EAR or SINUS PROBLEMS
Ear problems are fairly common amongst divers due to the wet environment and exposure to pressure changes.

Difficulty Equalising
The compartment behind your ear drum (the middle ear) contains air, this is connected to the back of your throat via a small canal called the Eustachian tube. When you dive and you descend in the water column the air in your middle ear is squeezed smaller which gives you the sensation of blocked ears. To allow more air to enter the middle ear via the eustachian tube divers may use equalisation techniques such as the Valsalva (holding your nose whilst blowing out your nose). This may be needed a few times during descent, and again during ascent when the vice versa occurs (air expands in volume and air needs to exit the middle ear).
When you are first learning to dive it can take some time to get used to these techniques, but it normally gets easier the more you dive. Unfortunately, some people have eustachian tube dysfunction which may make this process more difficult – there is no quick solution to this but descending at a slower rate may help.
🚩 If you find you cannot equalise your ears ascend a little and try again, if you are still unable to equalise it is best to end the dive to avoid injuries to your ears.
🚩 If you dive with congestion or a cold it will make it more difficult to equalise, therefore it is best to wait until you have recovered from your symptoms.
🚩 Decongestant nasal sprays can be used but there may wear off during the dive making it more difficult (and potentially dangerous) when trying to ascend at the end of the dive.
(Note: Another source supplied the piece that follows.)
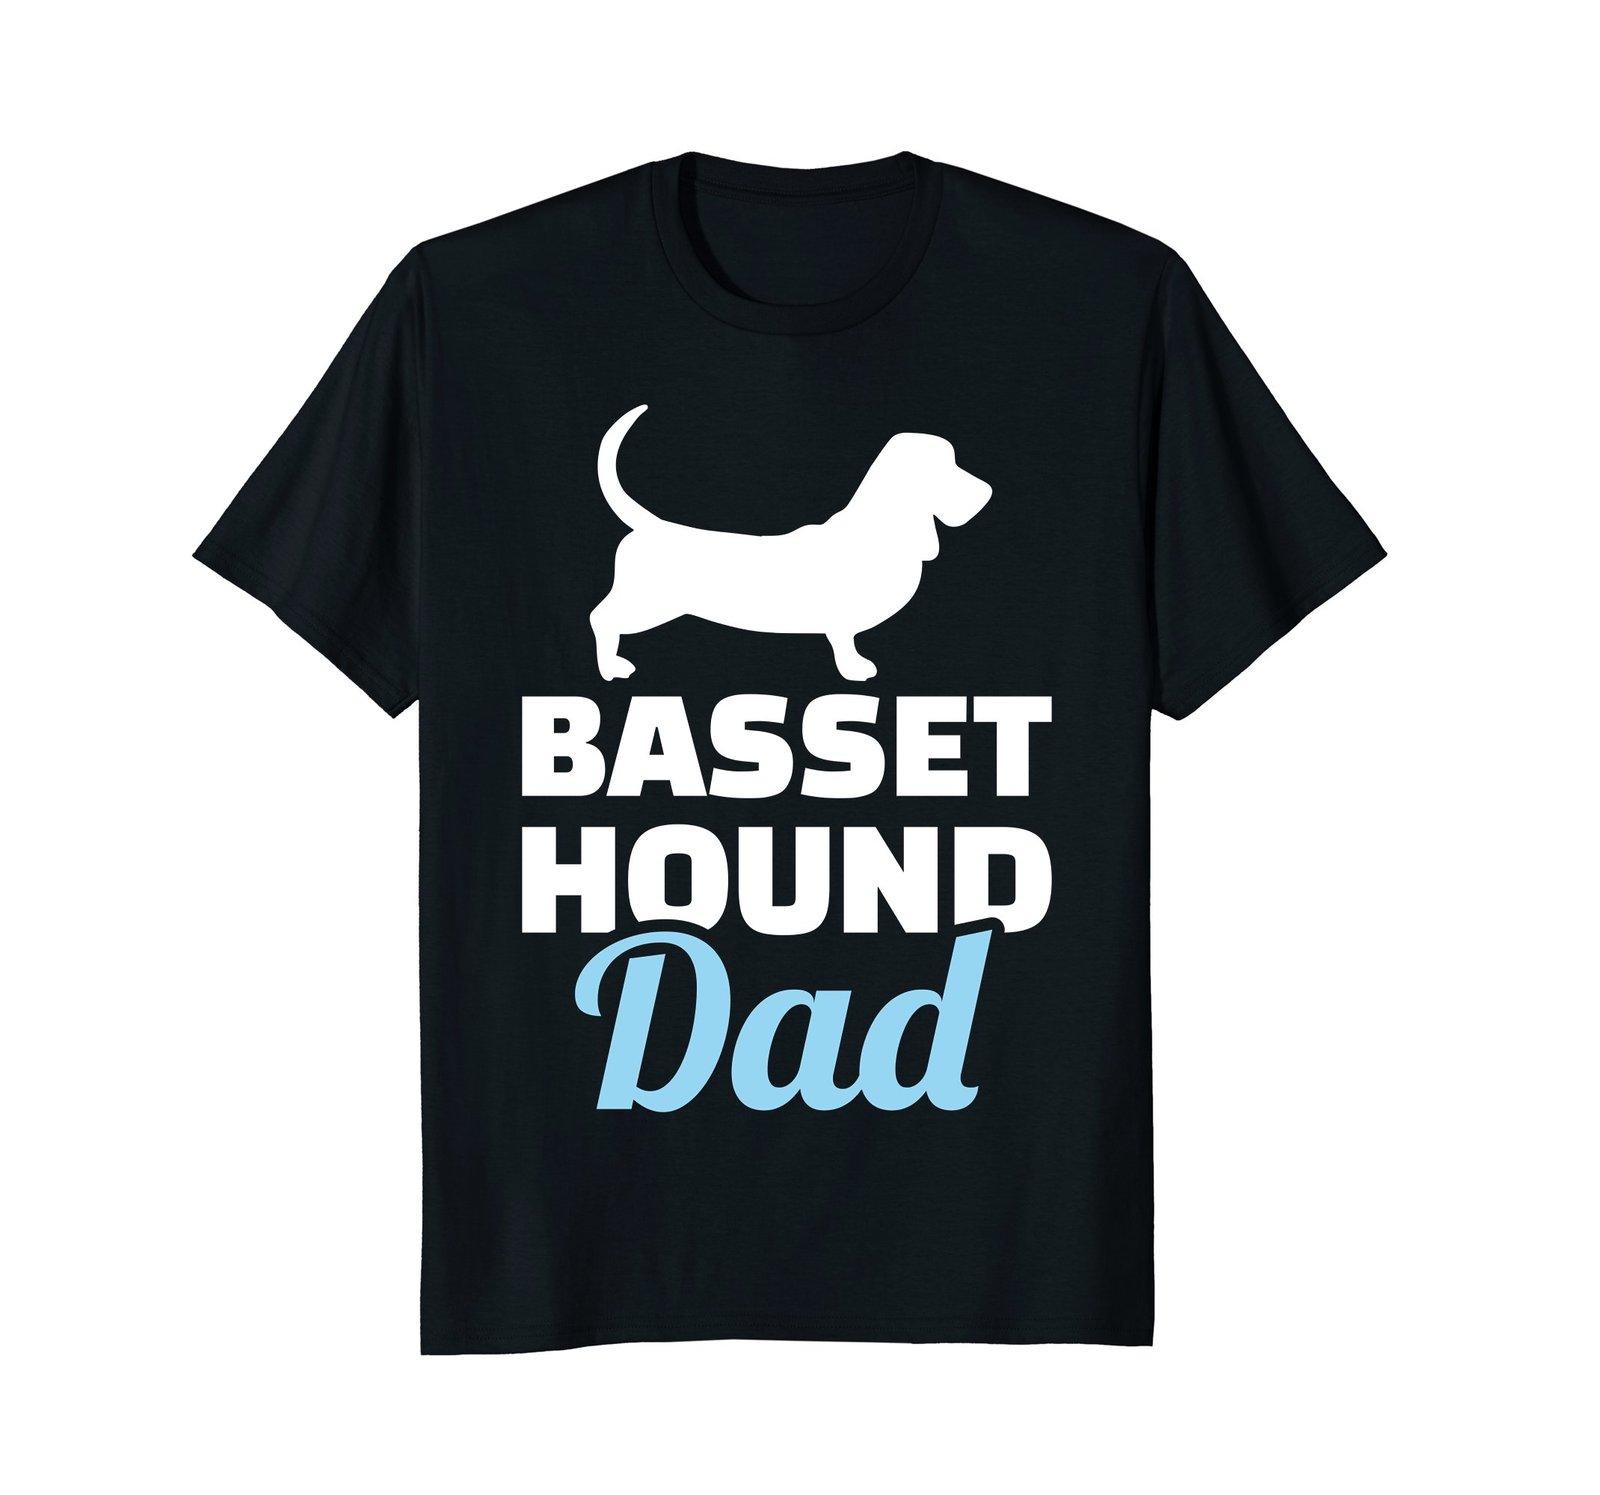 Mens Basset hound dad T-Shirt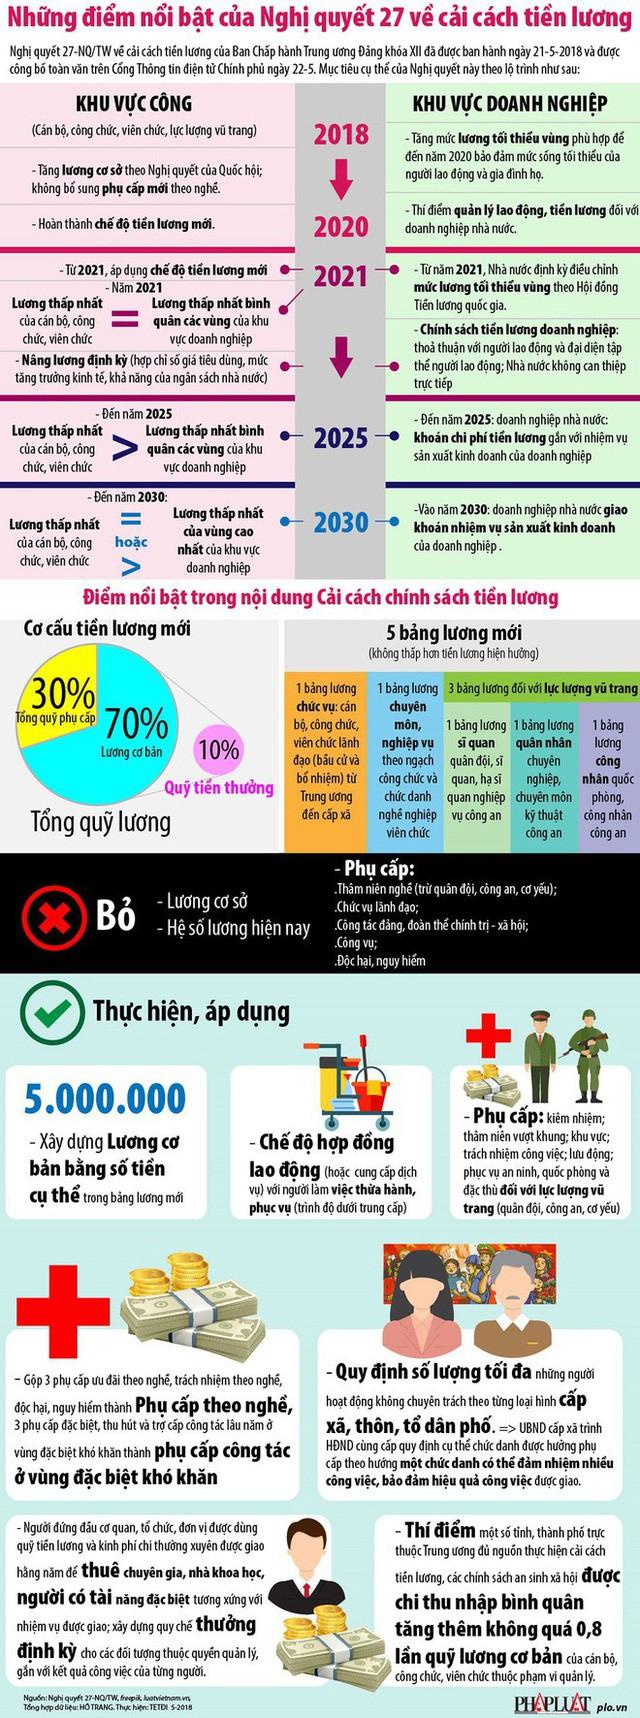 Infographic: Sắp tới tiền lương sẽ thay đổi như thế nào?  - Ảnh 1.

Barotrauma (Pressure Injury)
If you are unable to equalise properly during the dive the squeeze on the middle ear can cause damage and inflammation which can be very sore.
Your doctor will be able to see this as red bruising on the ear drum. If the pressure is too great, then the ear drum may perforate which will take some time to heal.
🚩 You should never try and forcefully clear your ears during a dive, this is because the ears are very sensitive to pressure, and a forceful Valsalva can damage some of the delicate parts of the middle and inner ear. This can result in difficulty with hearing and balance which may take a long time to repair and require a specialist ENT (ears, nose, throat) doctor.
🚩 Mild barotrauma will take a few days to heal however if you find you are experiencing severe pain, changes in your hearing/balance or discharge from the ear then you should consult a doctor (e.g. your GP) for an ear examination.
🚩 You must not dive with an ear perforation, as it can cause infection in the middle ear and prevent the ear drum from healing. See your GP to ensure that the perforation has healed.
Ear Infections
When water (especially seawater) gets into the ear canal it can cause irritation and infection. If you get water in your ears, it is good practice to rinse your ears with clean fresh water after the dive.
If you are doing multiple days of diving, try and keep your ears as dry as possible in between dives and avoid putting anything into your ears (such as cotton buds). If your ears are sore, avoid diving until the discomfort has resolved.
🚩 If you notice any discharge from the ear or severe pain, see a doctor for an ear examination as you may have an infection (Otitis Externa) that requires antibiotic ear drops. Wait until the infection has resolved before returning to diving.
Sinus Pain
You have several air spaces in the front of your face called sinuses. Similarly to the middle ear, descent during diving can cause the air in sinuses to squeeze smaller.
If there is difficulty equalising the sinuses due to congestion (or previous surgery) this can cause some discomfort – usually felt in between the eyebrows or across the cheeks. The inflammation may cause some bleeding of the lining of the sinuses which you may see in your mask at the end of the dive. This can be alarming, but the inflammation should resolve by itself. If you experience facial pain during descent, you can try ascending a little to see if it settles.
🚩 If the sinus pain does not settle do not continue with the dive. The pain will be distracting, and you will be at risk of a worse barotrauma injury.
🚩 If you have severe facial pain after a dive, or any change to the sensation/ movement in your eyes or face then seek immediate medical attention at your nearest A&E.
🚩 Decongestant nasal sprays can be used but there may wear off during the dive making it more difficult (and potentially dangerous) when trying to ascend at the end of the dive.


Divers with hearing impairment
If you have a longstanding hearing impairment and want to dive there is normally no reason why this is not possible. There is less of a requirement for good hearing underwater, but some divers use may alert others of danger (or something interesting) by tapping metal against their tank. You also may also have trouble hearing boat engines in the water, so it is important to look up as you ascend so you are aware of them. It is good practice to ensure that your buddy and/or instructors are aware of your hearing impairment in case of emergency.
As diving can affect the ears it is worth having a think about if you want to risk any further impact on your hearing if you did have a pressure injury. If you have a cochlear implant, it is important to discuss this with your ENT doctor and a diving doctor as you will need to understand the pressure (depth) to which the device is safe to use.